Pierwszego wypracował duet byłych zawodników Hoffenheim. Sebastian Rudy zagrał głęboko z rzutu wolnego, zaś Nicklas Suele skorzystał z imponujących warunków fizycznych, wyskoczył ponad resztą zawodników i główkował. Wprost do bramki. Za kolejne trafienie odpowiadał sprowadzony z Lyonu Corentin Tolisso. Wówczas znów ze stałego fragmentu gry, akurat z rzutu rożnego, zacentrował Rudy, piłkę wprost do Arturo Vidala wypiąstkował Bernd Leno, a Chilijczyk wrzucił przytomnie do Francuza, który nie musiał się specjalnie wysilać, by z bliska podwyższyć prowadzenie.

Była 19. minuta.
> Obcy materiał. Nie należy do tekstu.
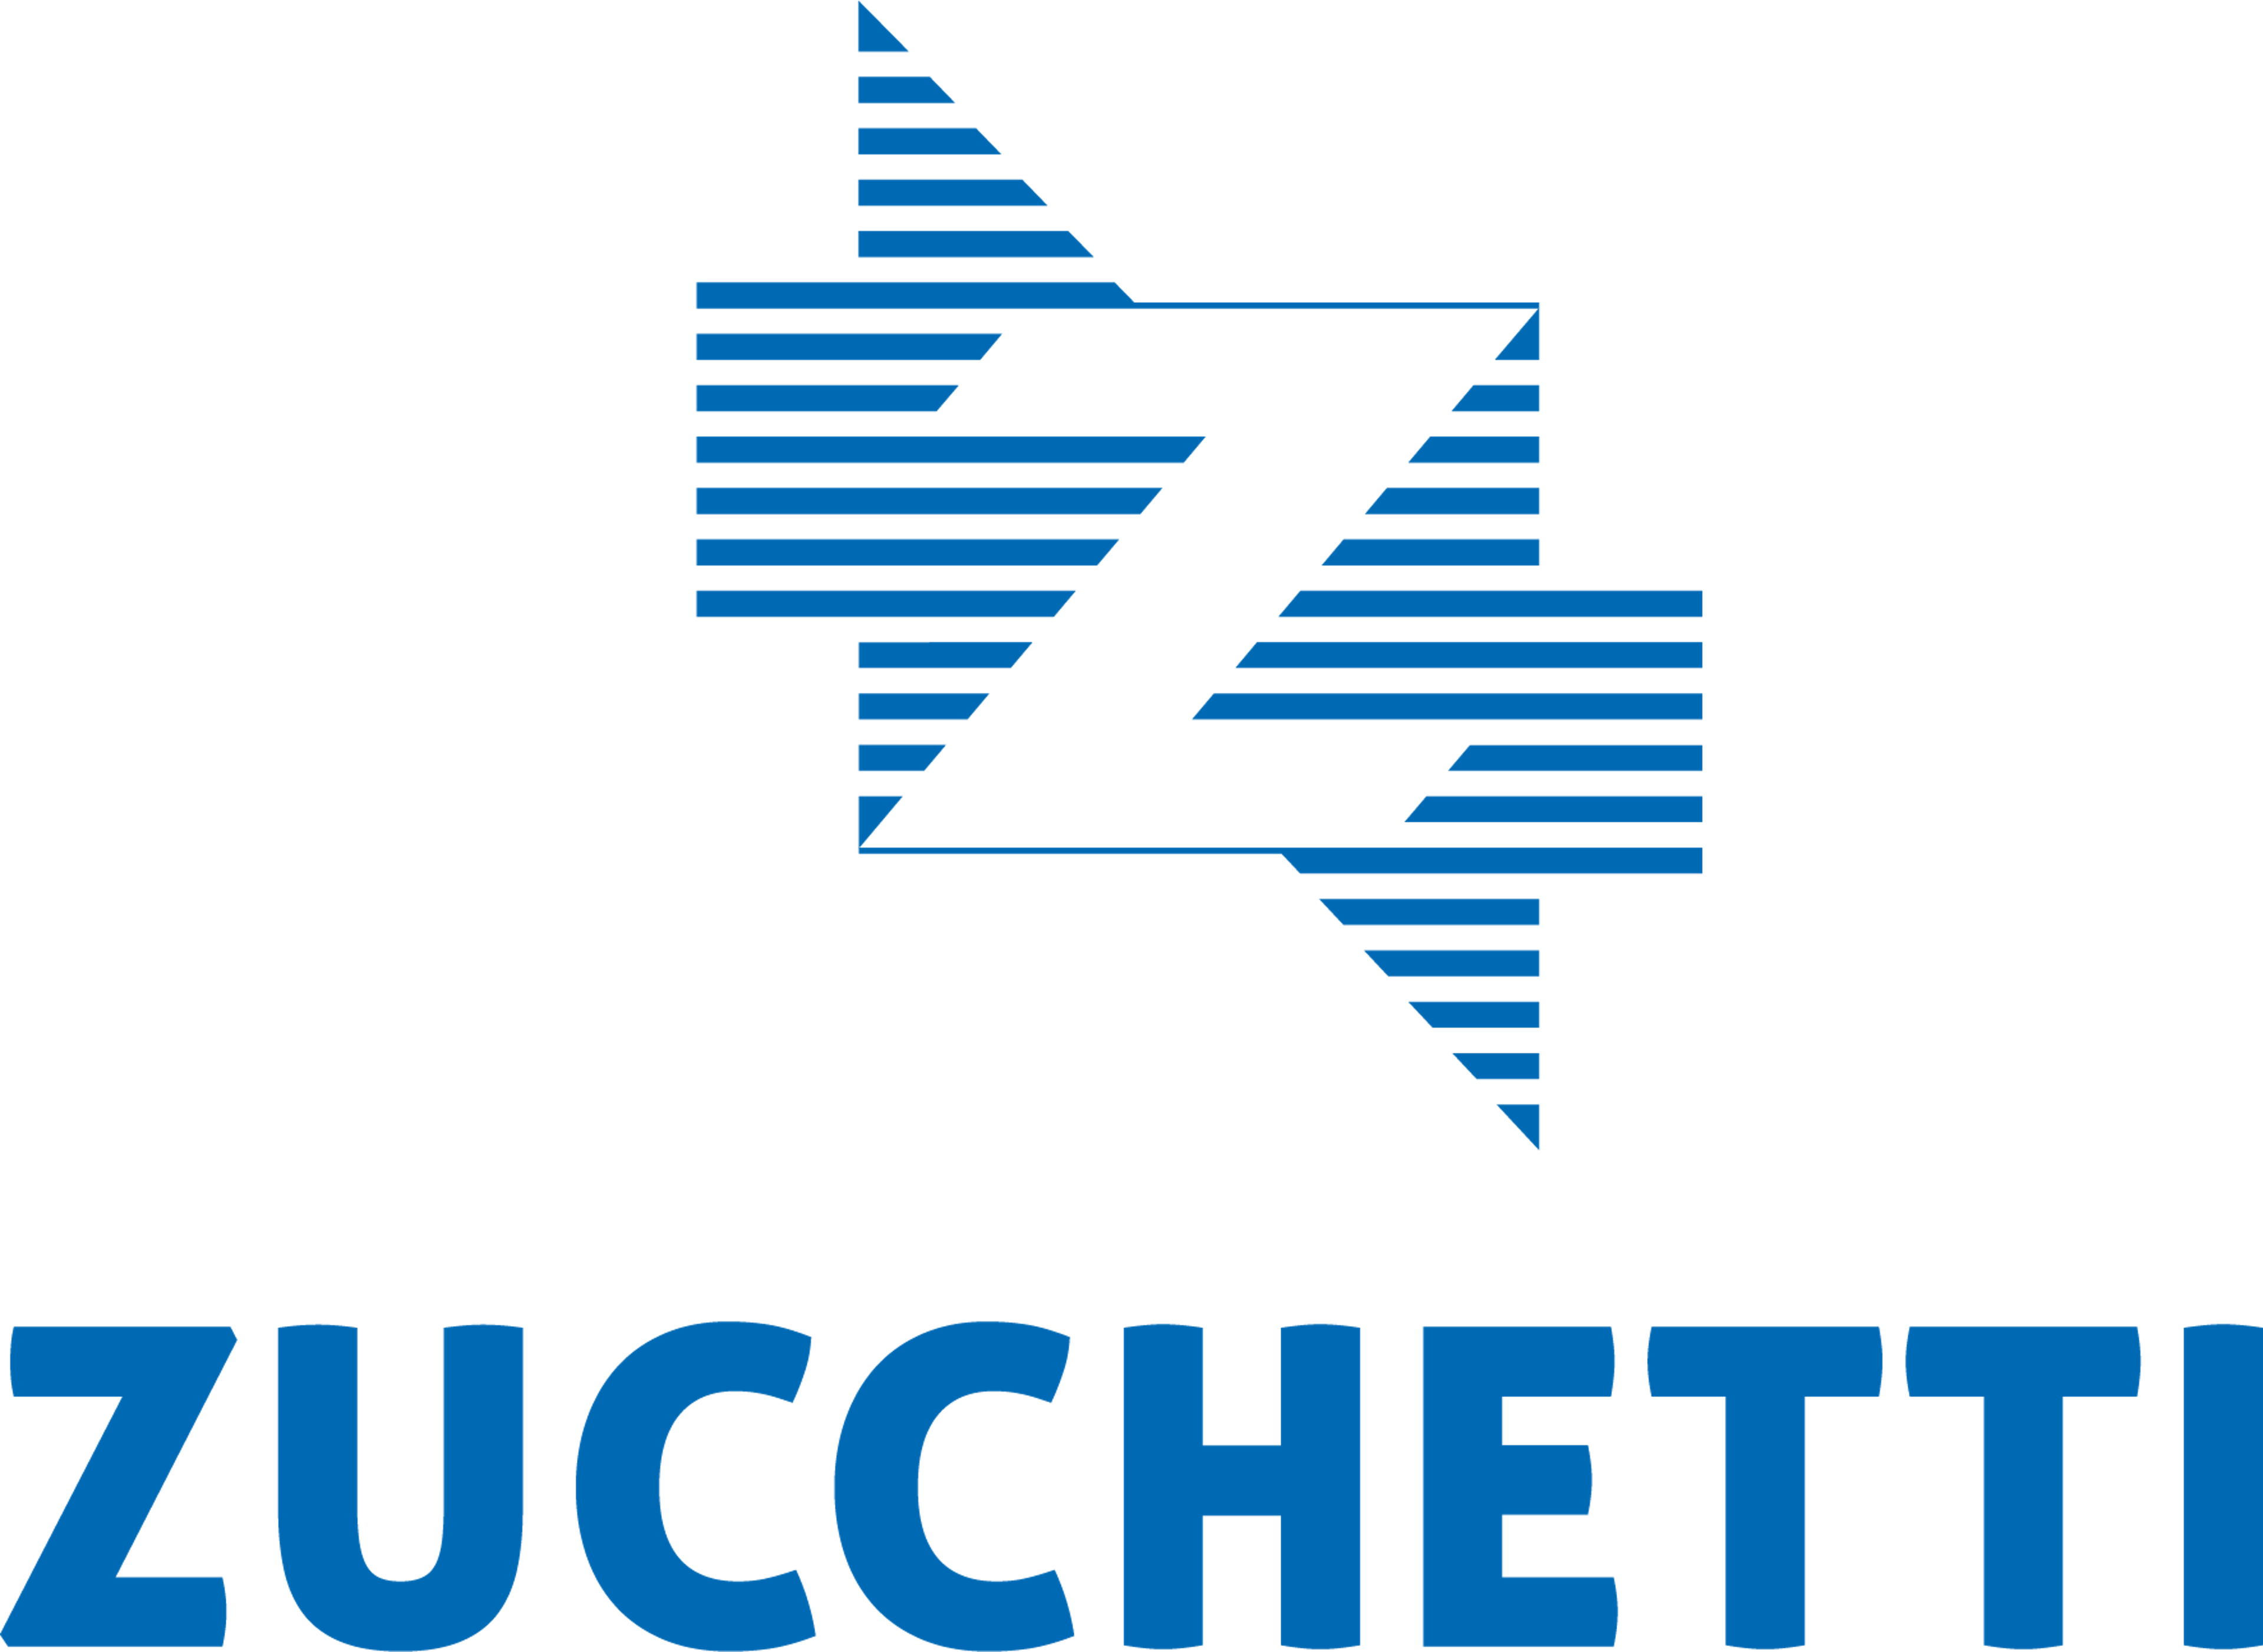 Zucchetti Time and Attendance Logo
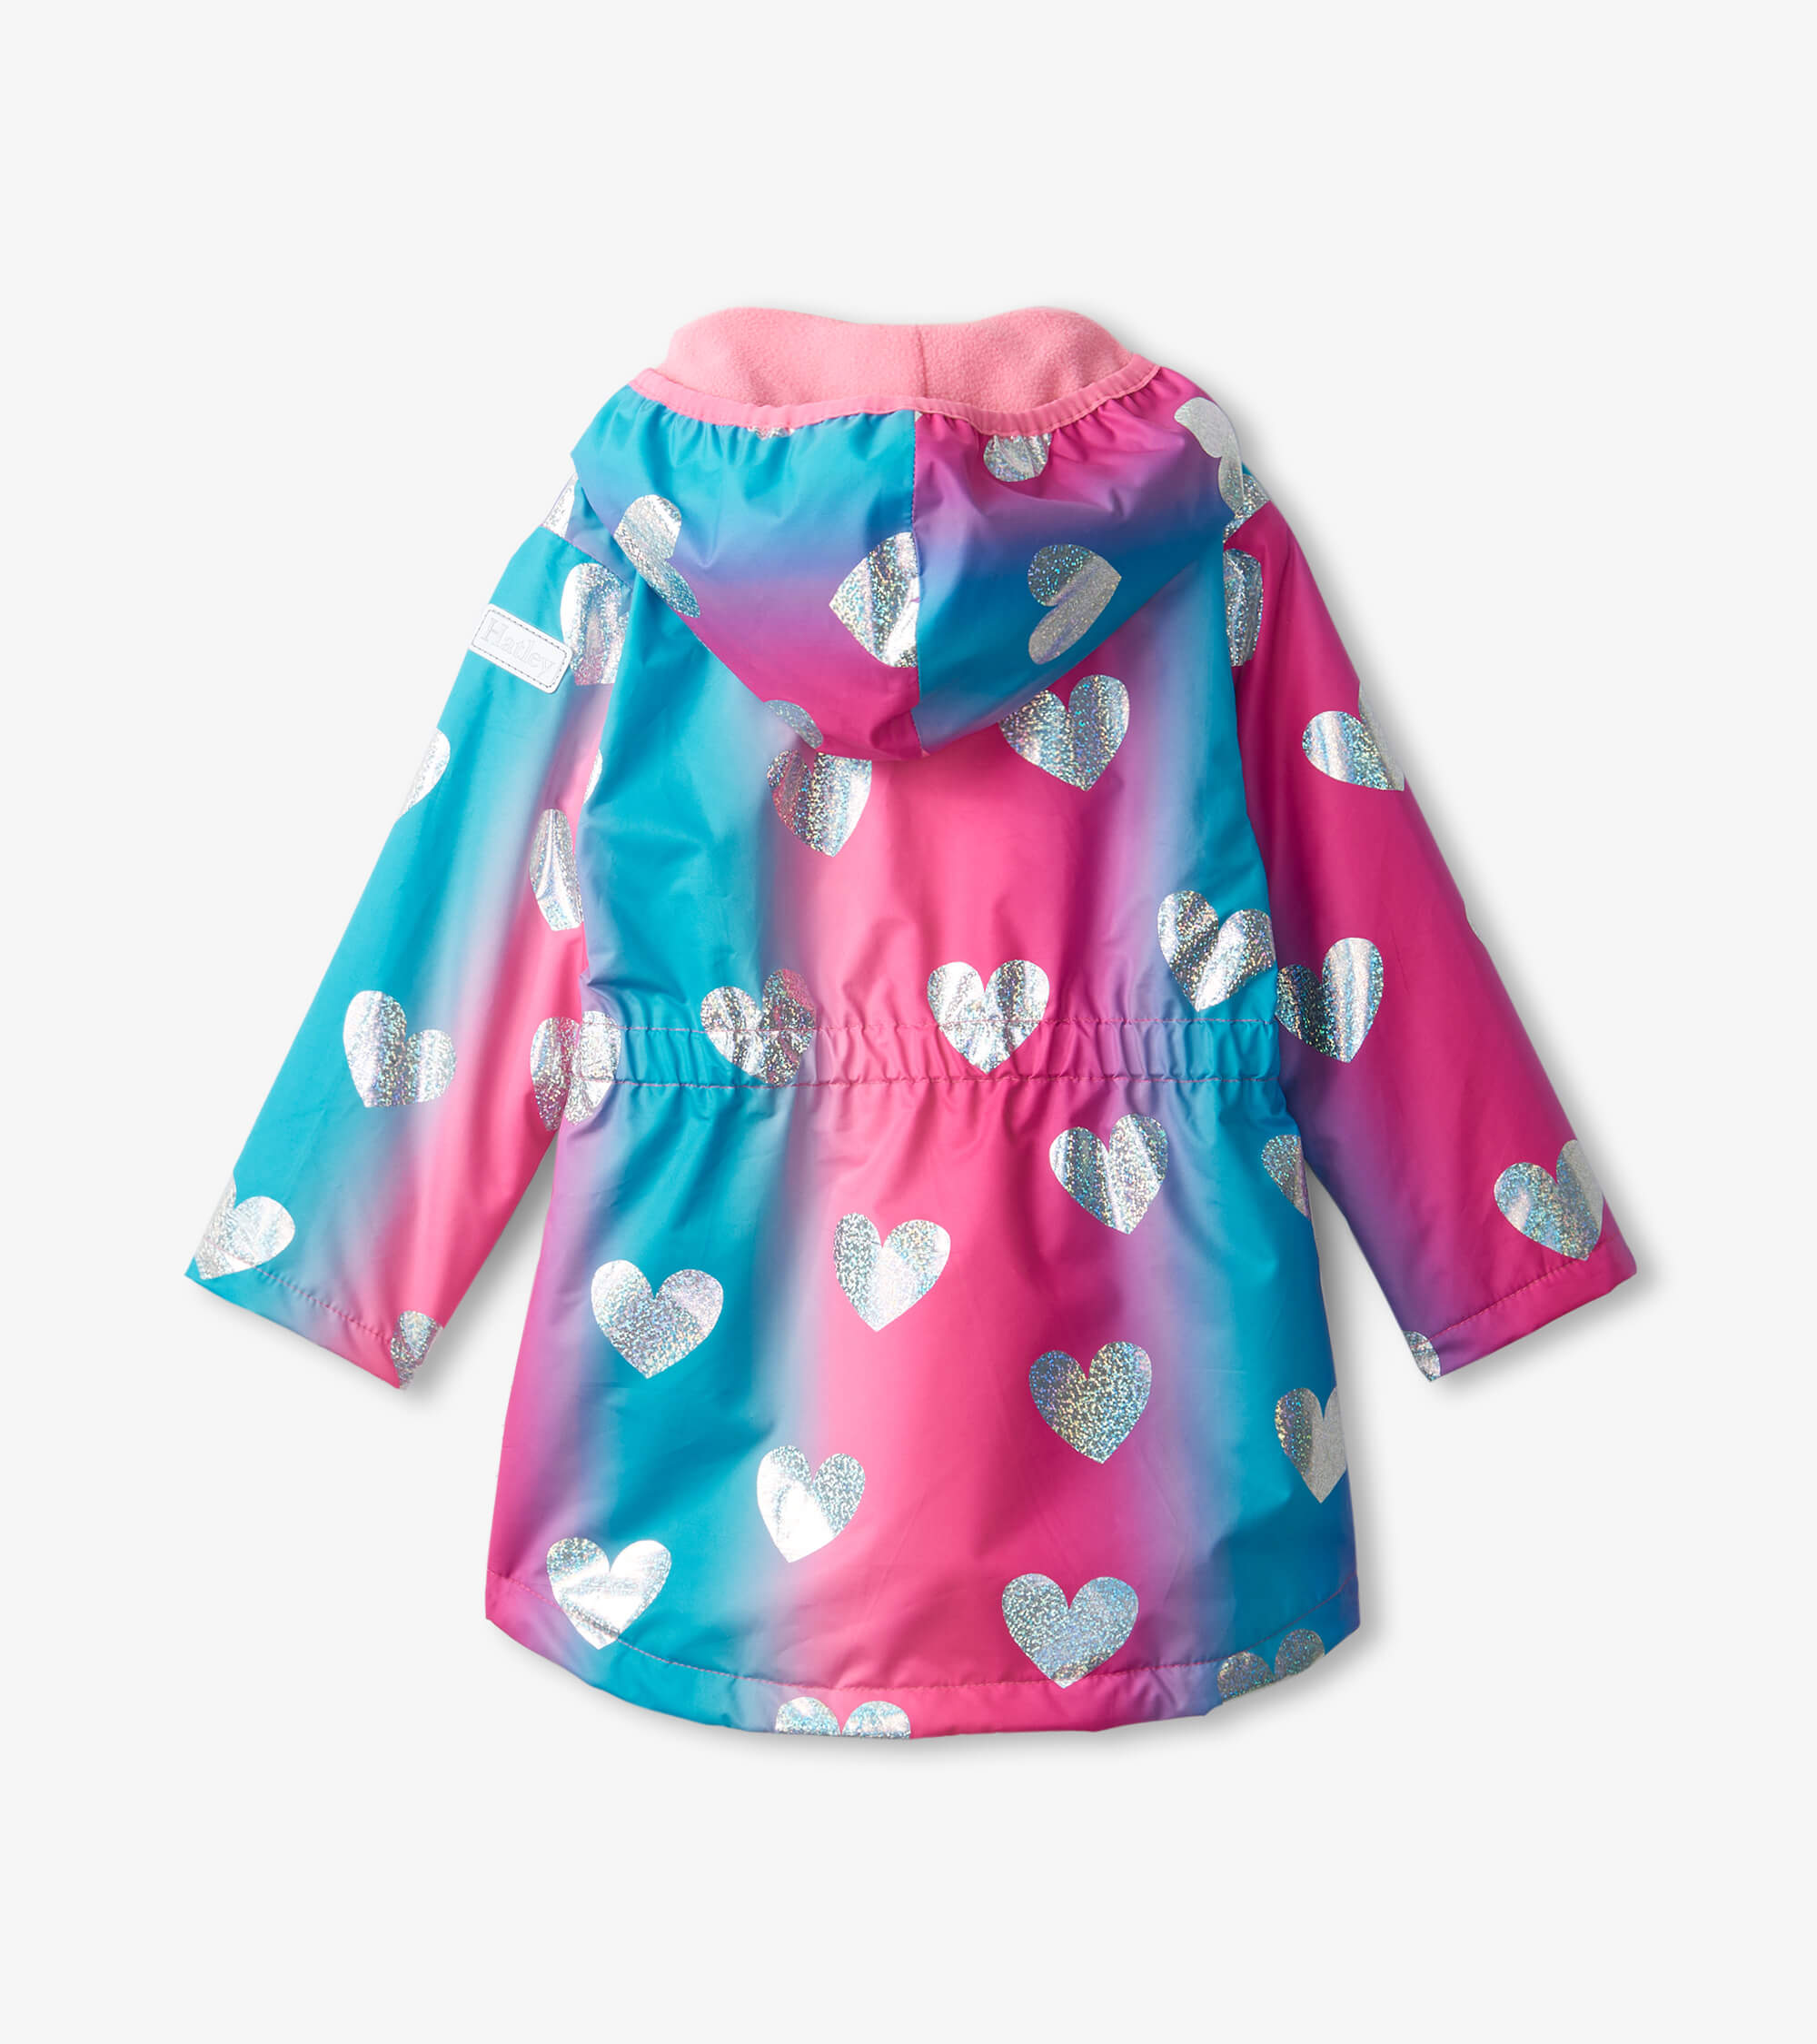 Fun Hearts Girls Microfibre Rain Jacket

Bayern mógł już na spokojnie trzymać rywala na dystans i spokojnie go ogrywać. Tak do końca nie było, "Aptekarze" starali się, jeszcze bardziej podkręcili tempo, lecz pomimo kilku dogodnych okazji gola honorowego nie wsadzili. Co prawda za sprawą fenomenalnej rakiety wypuszczonej przez Admira Mehmediego Sven Ulreich w końcu skapitulował, lecz wtedy było względnie po ptakach. Wtedy zdobyli już bramkę honorową. Wszystko przez Roberta Lewandowskiego.

Kapitan reprezentacji Polski nie grał być może wybitnego meczu, wciąż jeszcze potrzebuje kilku spotkań i tygodni, aby wrócić na właściwe tory, niemniej w bardzo ważnym momencie nie zawiódł. Pięć minut po zmianie stron wrzutką z lewego skrzydła popisał się Franck Ribery, "Lewy" próbował do niej dopaść i był przez Charlesa Aranguiza powstrzymywany. Już wtedy wydawało się, że nieprzepisowo. Początkowo jednak sędzia Tobias Stieler puścił grę, by po kilkunastu sekundach wrócić do tamtej akcji i konsultacji z analitykami w studiu VAR zagwizdać jedenastkę. Tę Lewandowski, przecież w tej materii mistrz nad mistrzami, spokojnie wykorzystał i rozpoczął strzelecką przygodę w kolejnym sezonie Bundesligi. A Bayern kolejną przygodę pełną zwycięstw, zapewne w maju zakończoną świętowaniem następnej mistrzowskiej patery.